Johann Sebastian BACH (1685-1750)
Violin Concerto in a minor, BWV1041 [12:17]
Violin Concerto in E, BWV1042 [14:55]
Violin Concerto in A, BWV1055R [13:11]
Violin Concerto in g minor, BWV1056R [9:01]
Violin Concerto in d minor, BWV1052R [19:27]
Alina Ibragimova (violin)
rec. Henry Wood Hall, London, 8-10 August, 2014. DDD.
HYPERION CDA68068 [68:51]
Reviewed as 24-bit download from hyperion-records.co.uk, with pdf booklet. Also available in mp3 and 16-bit and on CD.

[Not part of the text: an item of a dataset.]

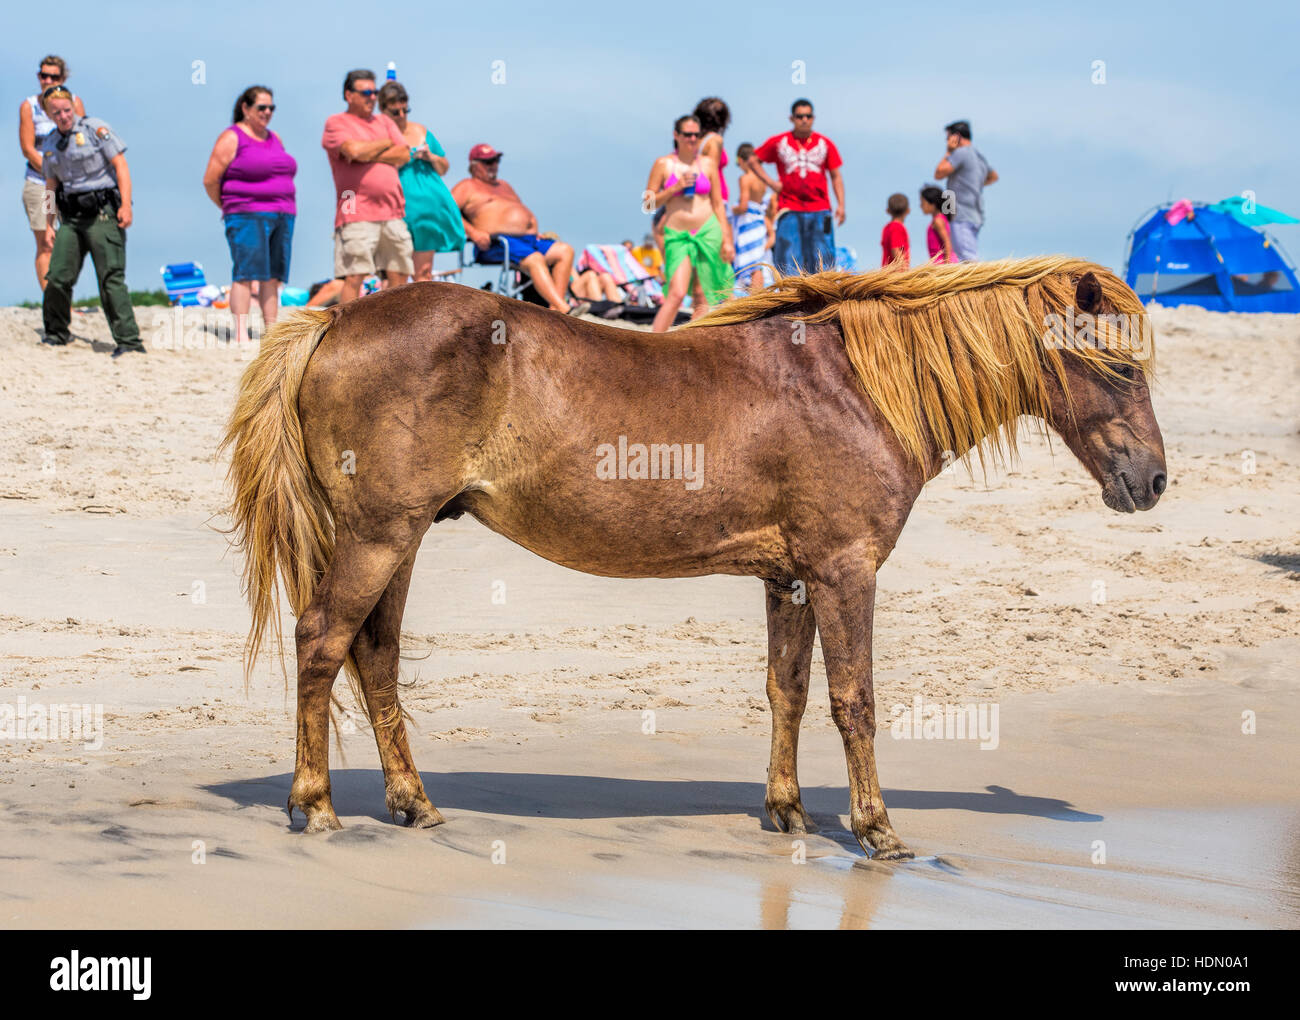 Ein wildes Pony, Pferd, Assateague Island, Maryland, USA am Strand. Es gibt Leute am Strand beobachten das Pony. Stockfoto

Alina Ibragimova already has a very fine recording of the reconstructed Concerto for violin and oboe, BWV1060R, to her credit (with Alexei Ogrintchouk (oboe), together with other reconstructed Bach oboe concertos, BIS-SACD-1769 – review). She has also recorded the solo violin sonatas and partitas for Hyperion (CDA67691/2) and she wowed the 2015 Proms audience with these solo pieces and appeared there in a matinée with Apollo’s Fire in BWV1042 (see below).

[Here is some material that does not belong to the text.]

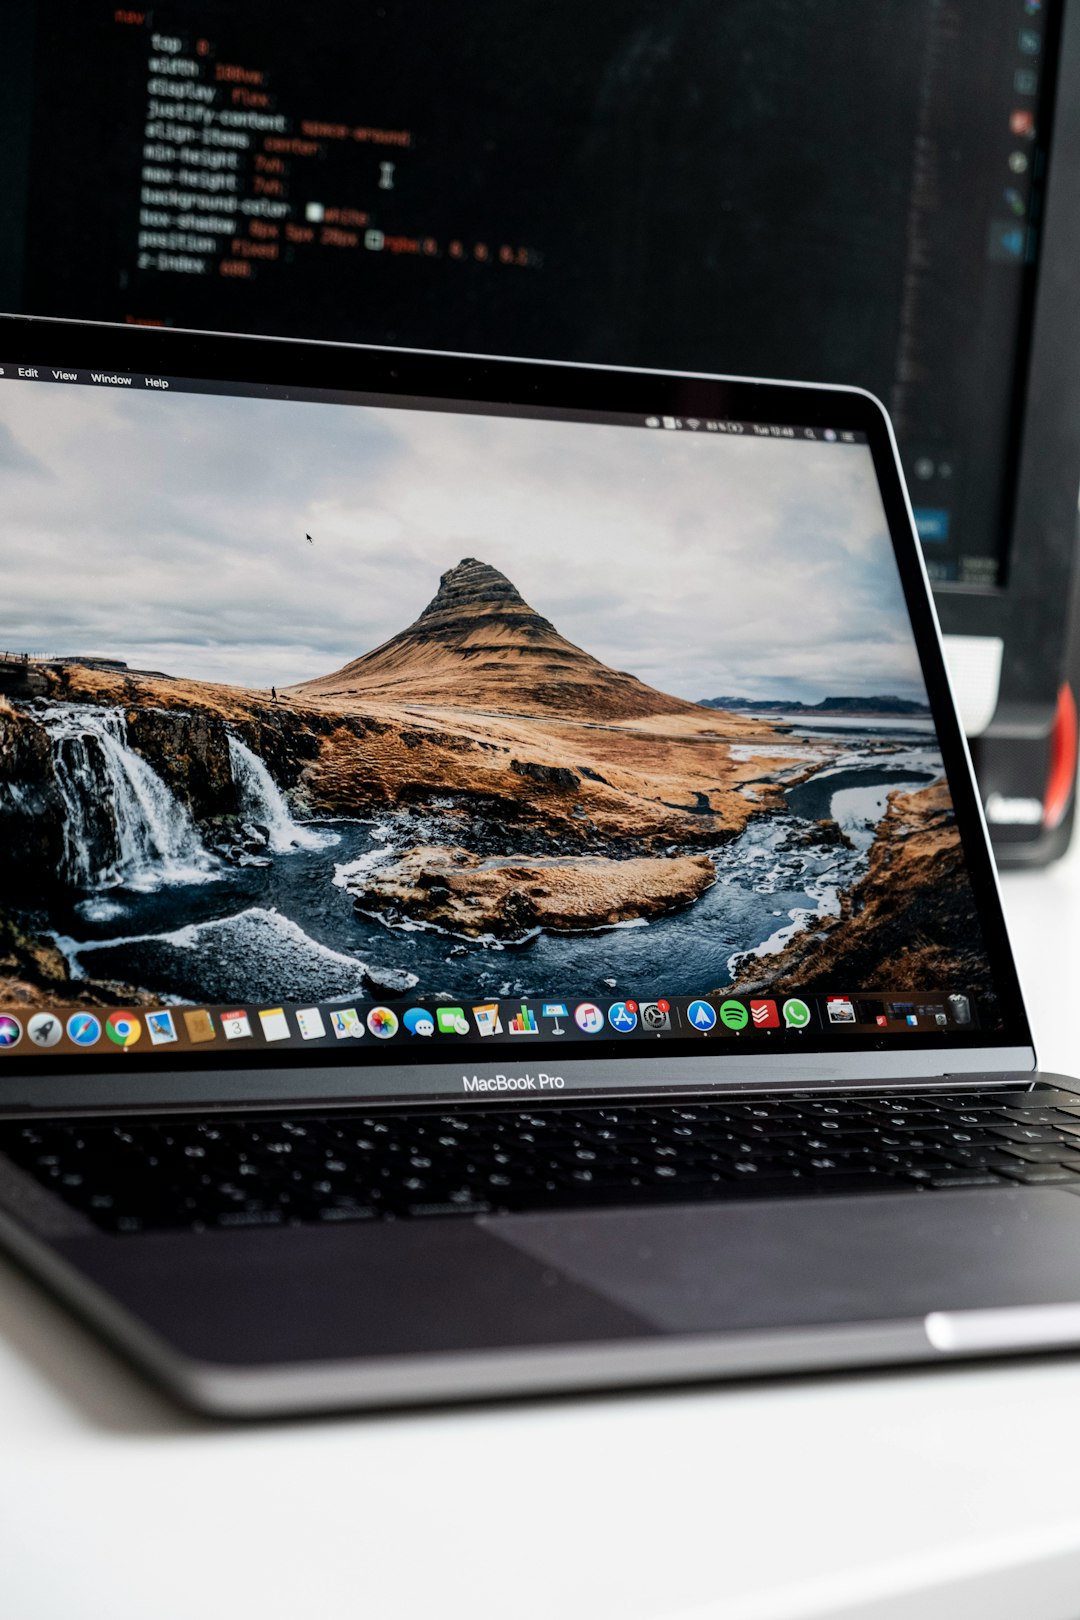 macbook pro displaying brown mountain

Now she offers the two secure Bach violin concertos together with some credible reconstructions, from the keyboard concertos Nos. 1, 4 and 5. Though at least two of these were probably intended originally for the oboe or oboe d’amore, let me say at the outset that I enjoyed her recordings of all the concertos very much. Were there not such very strong competition I might well have made this a Recording of the Month.
The nearest competition for this programme comes from Giuliano Carmignola and Concerto Köln, a recording which Michael Cookson thought stunning and in a class of its own (with the two-violin concerto, BWV1043, in place of BWV1055, DG Archiv 4792695 – review). I liked that Carmignola recording too (Download News 2015/2) and though I tried a number of movements where I thought either he or Ibragimova might have the upper hand, in the final analysis it’s impossible to plump for one or the other.
Ibragimova sounds a little less hectic at times than Carmignola, but their tempi are not hugely different and he never overdoes what DG describe as Bach all’ Italiana. She actually takes the allegro assai finale of BWV1042 ten seconds faster even than he does, which is not to say that I thought either of them unduly fast here or elsewhere. Reviewing her Proms performance of that concerto, with Apollo’s Fire, Claire Seymour thought it ‘a … natural fit for Ibragimova’s temperament, [giving] … an unwaveringly tasteful and charming performance. The Affetuoso in particular struck a heart-chord: playing without vibrato … the violinist dared to withdraw her sound to the very barest sliver of silver, which made the resurgence of warmth in the dancing triplets of the Allegro assai even more refreshing.’ (review).
Ibragimova sounds fairly forward on Hyperion, so that ‘barest sliver’ comes over a little louder than seems to have been the case in the flesh, but her playing in the slow movement remains very sensitive indeed and the finale is just as refreshing as it was live. Carmignola takes almost a minute longer over the slow movement of BWV1042 without ever sounding as if he is milking the sentiment unduly and though he takes a few second longer over the finale, he also captures the dancing quality of that movement.
The same high standard is maintained in the a-minor concerto, BWV1041. I can’t claim to have heard all the available versions – there are over 140 in the current UK catalogue – but this is without question one of the best of the many recordings of this work that I do know.
Nor is there anything to choose between the two accompanying ensembles, Arcangelo and Concerto Köln, including their sizes: seven violins, two violas and cellos, etc., each. Both recordings come with informative booklets, though Hyperion perhaps has the advantage in that respect.
The 24/96 download to which I listened produces a very natural sound but the CD and the 16-bit should also sound fine. On the day when I downloaded this album and one other my ISP provider seems to have thrown some gremlins into the works. Two tracks, together with one from the other recording, emerged with small but annoying glitches: the answer is to download the offending tracks again individually, carefully rename them as per the offenders and delete the originals.
With two very fine baroque violinists in Carmignola and Ibragimova offering very similar programmes, the slight difference in programming could be a decisive factor. If your collection is lacking a version of the two-violin concerto, BWV1043, that may give Carmignola, with Mayumi Hirasaki as second violin, the advantage. If, however, you already have a good recording of the double concerto, BWV1055 sounds very convincing in this very well performed reconstruction.